■ **Available data**
[Start of section]

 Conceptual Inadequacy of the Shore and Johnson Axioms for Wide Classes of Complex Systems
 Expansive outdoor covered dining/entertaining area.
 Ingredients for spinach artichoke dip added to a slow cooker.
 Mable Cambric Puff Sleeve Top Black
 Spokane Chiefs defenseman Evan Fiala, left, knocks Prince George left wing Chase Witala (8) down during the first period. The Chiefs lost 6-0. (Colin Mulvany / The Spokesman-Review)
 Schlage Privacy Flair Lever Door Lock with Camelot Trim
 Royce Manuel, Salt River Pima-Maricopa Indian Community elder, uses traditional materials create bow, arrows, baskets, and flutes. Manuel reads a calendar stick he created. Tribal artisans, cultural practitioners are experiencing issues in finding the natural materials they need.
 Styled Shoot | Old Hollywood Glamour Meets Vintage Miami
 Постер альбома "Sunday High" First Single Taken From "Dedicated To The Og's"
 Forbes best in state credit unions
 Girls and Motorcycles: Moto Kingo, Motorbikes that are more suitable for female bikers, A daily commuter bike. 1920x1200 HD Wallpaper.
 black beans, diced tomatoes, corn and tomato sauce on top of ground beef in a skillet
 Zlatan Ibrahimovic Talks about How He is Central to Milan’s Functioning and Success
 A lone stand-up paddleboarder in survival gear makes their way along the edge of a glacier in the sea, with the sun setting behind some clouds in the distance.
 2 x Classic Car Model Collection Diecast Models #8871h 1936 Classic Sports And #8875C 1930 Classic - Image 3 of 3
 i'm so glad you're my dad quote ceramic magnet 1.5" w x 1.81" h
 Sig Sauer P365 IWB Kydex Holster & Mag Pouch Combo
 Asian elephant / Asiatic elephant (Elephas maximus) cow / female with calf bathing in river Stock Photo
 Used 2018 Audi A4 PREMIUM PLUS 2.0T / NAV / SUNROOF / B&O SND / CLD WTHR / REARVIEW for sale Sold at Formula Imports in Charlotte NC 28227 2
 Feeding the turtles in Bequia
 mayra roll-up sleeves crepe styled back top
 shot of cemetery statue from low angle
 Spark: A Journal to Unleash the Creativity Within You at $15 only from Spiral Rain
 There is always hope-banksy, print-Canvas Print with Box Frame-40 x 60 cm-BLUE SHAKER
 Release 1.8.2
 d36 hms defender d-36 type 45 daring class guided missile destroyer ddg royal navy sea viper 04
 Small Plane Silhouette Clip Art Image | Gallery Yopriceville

[End of section]

■ **What is required**
Word for word, write out the data.

■ **Completed exercise**
 Conceptual Inadequacy of the Shore and Johnson Axioms for Wide Classes of Complex Systems
 Expansive outdoor covered dining/entertaining area.
 Ingredients for spinach artichoke dip added to a slow cooker.
 Mable Cambric Puff Sleeve Top Black
 Spokane Chiefs defenseman Evan Fiala, left, knocks Prince George left wing Chase Witala (8) down during the first period. The Chiefs lost 6-0. (Colin Mulvany / The Spokesman-Review)
 Schlage Privacy Flair Lever Door Lock with Camelot Trim
 Royce Manuel, Salt River Pima-Maricopa Indian Community elder, uses traditional materials create bow, arrows, baskets, and flutes. Manuel reads a calendar stick he created. Tribal artisans, cultural practitioners are experiencing issues in finding the natural materials they need.
 Styled Shoot | Old Hollywood Glamour Meets Vintage Miami
 Постер альбома "Sunday High" First Single Taken From "Dedicated To The Og's"
 Forbes best in state credit unions
 Girls and Motorcycles: Moto Kingo, Motorbikes that are more suitable for female bikers, A daily commuter bike. 1920x1200 HD Wallpaper.
 black beans, diced tomatoes, corn and tomato sauce on top of ground beef in a skillet
 Zlatan Ibrahimovic Talks about How He is Central to Milan’s Functioning and Success
 A lone stand-up paddleboarder in survival gear makes their way along the edge of a glacier in the sea, with the sun setting behind some clouds in the distance.
 2 x Classic Car Model Collection Diecast Models #8871h 1936 Classic Sports And #8875C 1930 Classic - Image 3 of 3
 i'm so glad you're my dad quote ceramic magnet 1.5" w x 1.81" h
 Sig Sauer P365 IWB Kydex Holster & Mag Pouch Combo
 Asian elephant / Asiatic elephant (Elephas maximus) cow / female with calf bathing in river Stock Photo
 Used 2018 Audi A4 PREMIUM PLUS 2.0T / NAV / SUNROOF / B&O SND / CLD WTHR / REARVIEW for sale Sold at Formula Imports in Charlotte NC 28227 2
 Feeding the turtles in Bequia
 mayra roll-up sleeves crepe styled back top
 shot of cemetery statue from low angle
 Spark: A Journal to Unleash the Creativity Within You at $15 only from Spiral Rain
 There is always hope-banksy, print-Canvas Print with Box Frame-40 x 60 cm-BLUE SHAKER
 Release 1.8.2
 d36 hms defender d-36 type 45 daring class guided missile destroyer ddg royal navy sea viper 04
 Small Plane Silhouette Clip Art Image | Gallery Yopriceville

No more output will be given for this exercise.